§ **Dataset extract**:
*-*-*
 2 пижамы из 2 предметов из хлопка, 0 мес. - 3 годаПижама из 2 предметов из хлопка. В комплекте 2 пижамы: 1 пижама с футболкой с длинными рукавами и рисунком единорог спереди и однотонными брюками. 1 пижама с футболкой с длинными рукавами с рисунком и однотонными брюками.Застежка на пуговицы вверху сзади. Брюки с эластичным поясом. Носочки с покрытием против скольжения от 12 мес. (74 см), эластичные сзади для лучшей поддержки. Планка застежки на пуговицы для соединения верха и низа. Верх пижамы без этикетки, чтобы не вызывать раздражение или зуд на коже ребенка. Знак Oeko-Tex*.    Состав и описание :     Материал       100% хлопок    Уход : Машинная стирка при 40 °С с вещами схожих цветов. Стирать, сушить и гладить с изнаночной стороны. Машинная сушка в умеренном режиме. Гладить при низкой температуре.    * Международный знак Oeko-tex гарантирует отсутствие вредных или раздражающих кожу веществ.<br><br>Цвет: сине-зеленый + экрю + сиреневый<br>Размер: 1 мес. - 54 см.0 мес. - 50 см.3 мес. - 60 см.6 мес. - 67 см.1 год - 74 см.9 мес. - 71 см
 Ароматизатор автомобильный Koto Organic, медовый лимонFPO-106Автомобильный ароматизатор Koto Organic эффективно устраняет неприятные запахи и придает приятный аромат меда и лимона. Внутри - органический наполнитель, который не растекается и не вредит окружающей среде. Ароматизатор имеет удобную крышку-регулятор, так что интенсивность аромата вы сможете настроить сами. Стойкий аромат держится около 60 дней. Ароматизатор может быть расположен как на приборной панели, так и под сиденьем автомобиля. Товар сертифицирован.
*-*-*
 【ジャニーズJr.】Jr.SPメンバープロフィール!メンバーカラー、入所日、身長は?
*-*-*
§ **Your objective**:
Beginning with the line containing "2 пижамы из" in the material above, copy every line exactly until you have copied the line containing "Ароматизатор автомобильный Koto".

§ **Task answer**:
 2 пижамы из 2 предметов из хлопка, 0 мес. - 3 годаПижама из 2 предметов из хлопка. В комплекте 2 пижамы: 1 пижама с футболкой с длинными рукавами и рисунком единорог спереди и однотонными брюками. 1 пижама с футболкой с длинными рукавами с рисунком и однотонными брюками.Застежка на пуговицы вверху сзади. Брюки с эластичным поясом. Носочки с покрытием против скольжения от 12 мес. (74 см), эластичные сзади для лучшей поддержки. Планка застежки на пуговицы для соединения верха и низа. Верх пижамы без этикетки, чтобы не вызывать раздражение или зуд на коже ребенка. Знак Oeko-Tex*.    Состав и описание :     Материал       100% хлопок    Уход : Машинная стирка при 40 °С с вещами схожих цветов. Стирать, сушить и гладить с изнаночной стороны. Машинная сушка в умеренном режиме. Гладить при низкой температуре.    * Международный знак Oeko-tex гарантирует отсутствие вредных или раздражающих кожу веществ.<br><br>Цвет: сине-зеленый + экрю + сиреневый<br>Размер: 1 мес. - 54 см.0 мес. - 50 см.3 мес. - 60 см.6 мес. - 67 см.1 год - 74 см.9 мес. - 71 см
 Ароматизатор автомобильный Koto Organic, медовый лимонFPO-106Автомобильный ароматизатор Koto Organic эффективно устраняет неприятные запахи и придает приятный аромат меда и лимона. Внутри - органический наполнитель, который не растекается и не вредит окружающей среде. Ароматизатор имеет удобную крышку-регулятор, так что интенсивность аромата вы сможете настроить сами. Стойкий аромат держится около 60 дней. Ароматизатор может быть расположен как на приборной панели, так и под сиденьем автомобиля. Товар сертифицирован.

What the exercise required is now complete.